En dehors de l'Allemagne et des pays d'Europe centrale, Franz Anton Maulbertsch n'est généralement pas reconnu comme l'un des maîtres majeurs de la peinture européenne, qu'il est pourtant. C'est qu'il est fort peu représenté dans les collections et que, ses œuvres les plus significatives étant de grands décors, on ne peut guère le connaître que sur place.
Né à Langenargen, sur les bords du lac de Constance, Maulbertsch fut formé à l'Académie de Vienne et, il n'est pas indifférent de le relever, sans faire de séjour en Italie, à la différence des peintres autrichiens de la génération précédente comme Troger. Sa première grande commande vient en 1750 : il s'agit de décorer la coupole de l'église des Piaristes de Vienne. Traitant les architectures sur un mode plus décoratif qu'illusionniste, usant de tons légers et clairs, refusant de trop individualiser les figures mais mettant plutôt l'accent sur l'enchaînement des groupes, Maulbertsch donne déjà là un chef-d'œuvre, parfaitement en accord avec les rythmes ondulants de l'architecture.
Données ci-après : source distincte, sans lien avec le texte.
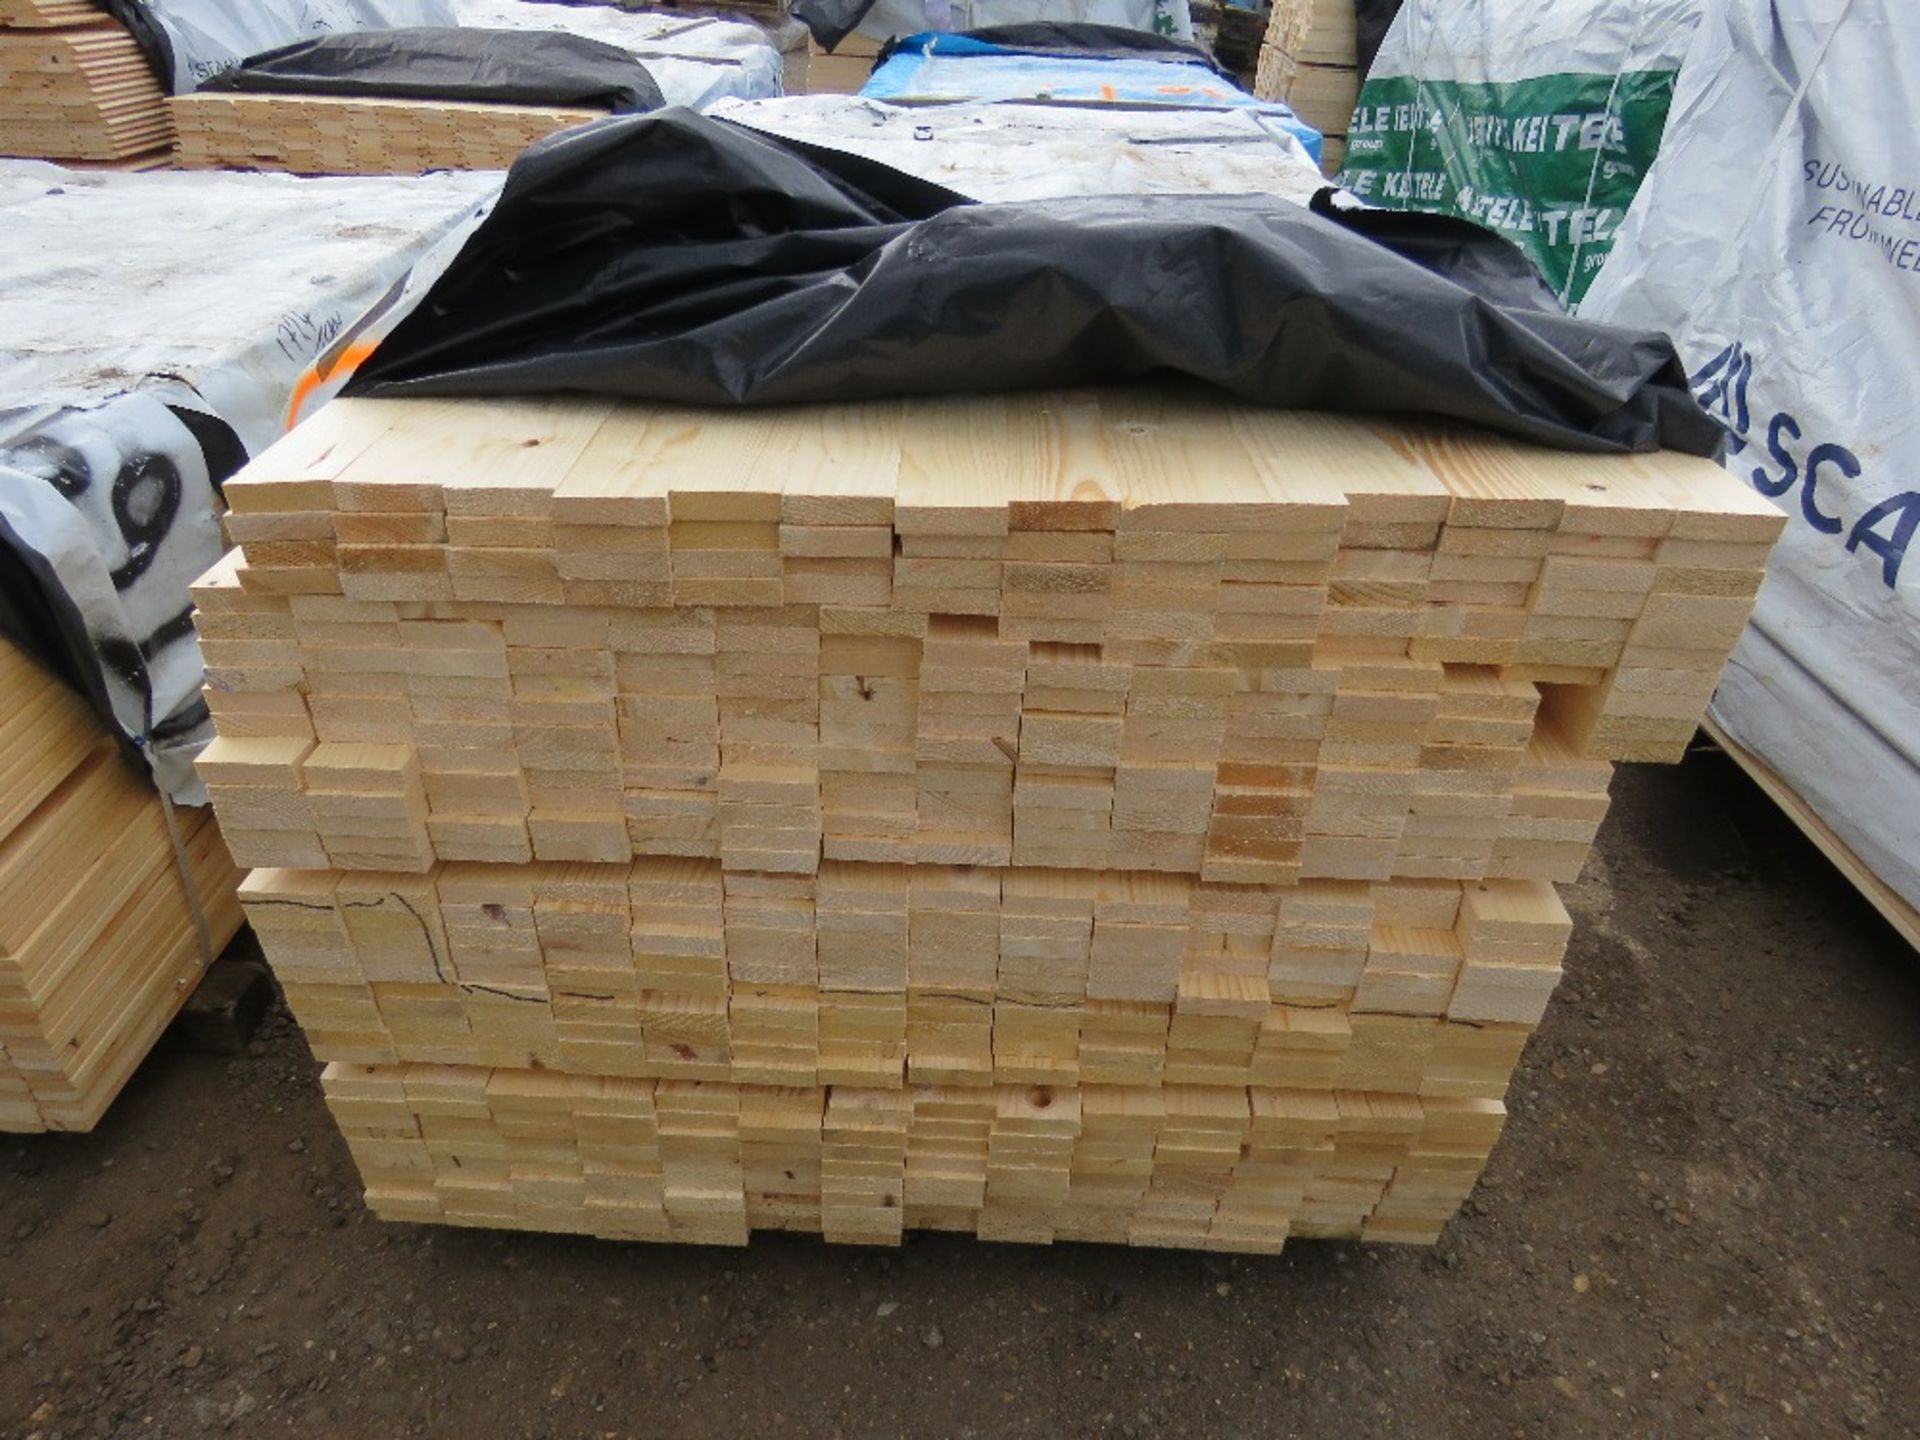 PACK OF UNTREATED TIMBER FENCE CLADDING SLATS: 1.8M LENGTH X 70MM X 20MM WIDTH APPROX.
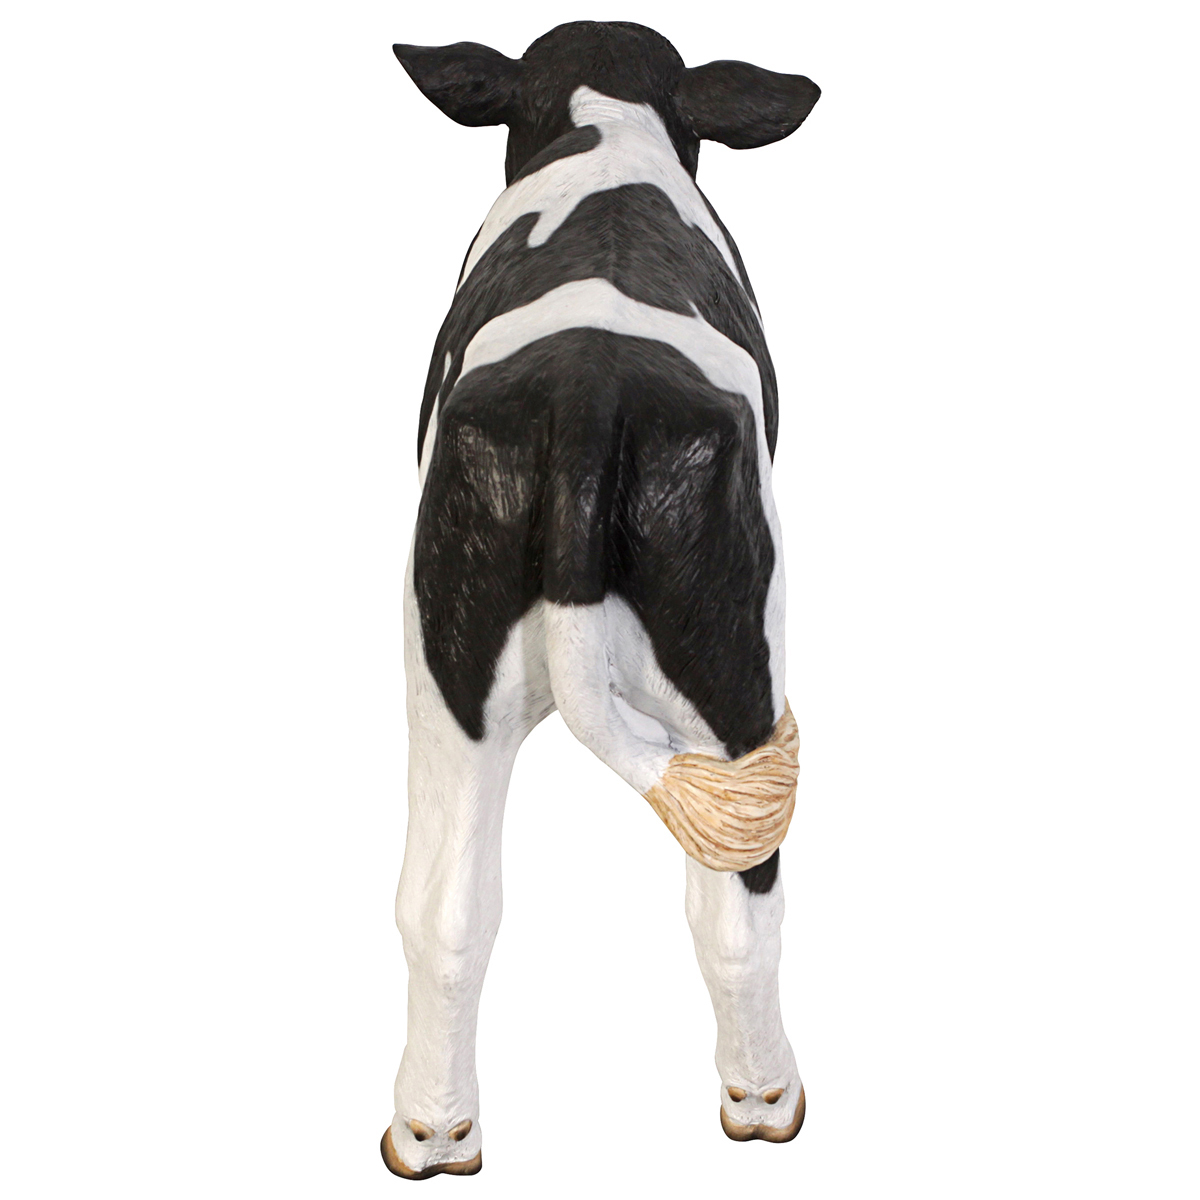 Image Thumbnail for Dt Buttercup Holstein Calf Statue

Maulbertsch se signale tout d'abord par une puissance imaginative peu commune. L'invention se renouvelle sans arrêt dans les attitudes, les mimiques, l'organisation même des compositions ; sans effort, il passe du burlesque au surnaturel ; de la grimace à l'extase. Comme Tiepolo, il utilise volontiers les accoutrements à caractère historique, fraises, pourpoints et manches à crevés, par exemple dans ses fresques de Kroměříž (1760, République tchèque). Sa virtuosité de dessinateur lui rend possibles les formules les plus audacieuses, parfois les plus extravagantes, de raccourcis, comme au plafond de l'ancienne université de Vienne où il représente le Baptême du Christ (1766-1767). C'est surtout un coloriste incomparable, qui allie avec bonheur les tons les plus risqués, des violines avec des orange, des vert acide et des bleus. L'exécution révèle un brio éblouissant, qu'il s'agisse de grandes fresques (notamment à l'abbaye de Gutenbrunn-Heiligenkreuz, ou dans la salle des Géants de la Hofburg d'Innsbruck et au château de Györ ou Raab en Hongrie) ou de tableaux à l'huile ; elle semble certes s'alourdir dans les dernières années, mais il ne faut pas oublier que des œuvres comme les fresques de Strahov près de Prague (1794) reviennent pour une bonne part à des élèves.
L'importance de Maulbertsch est considérable, car il représente, au plus haut niveau du génie, tout un courant de la peinture germanique que des peintres plus modestes, quoique non sans mérite, comme Kremserschmidt, Leicher ou Cimball, ont diffusée partout en Europe centrale dans la seconde moitié du xviiie siècle.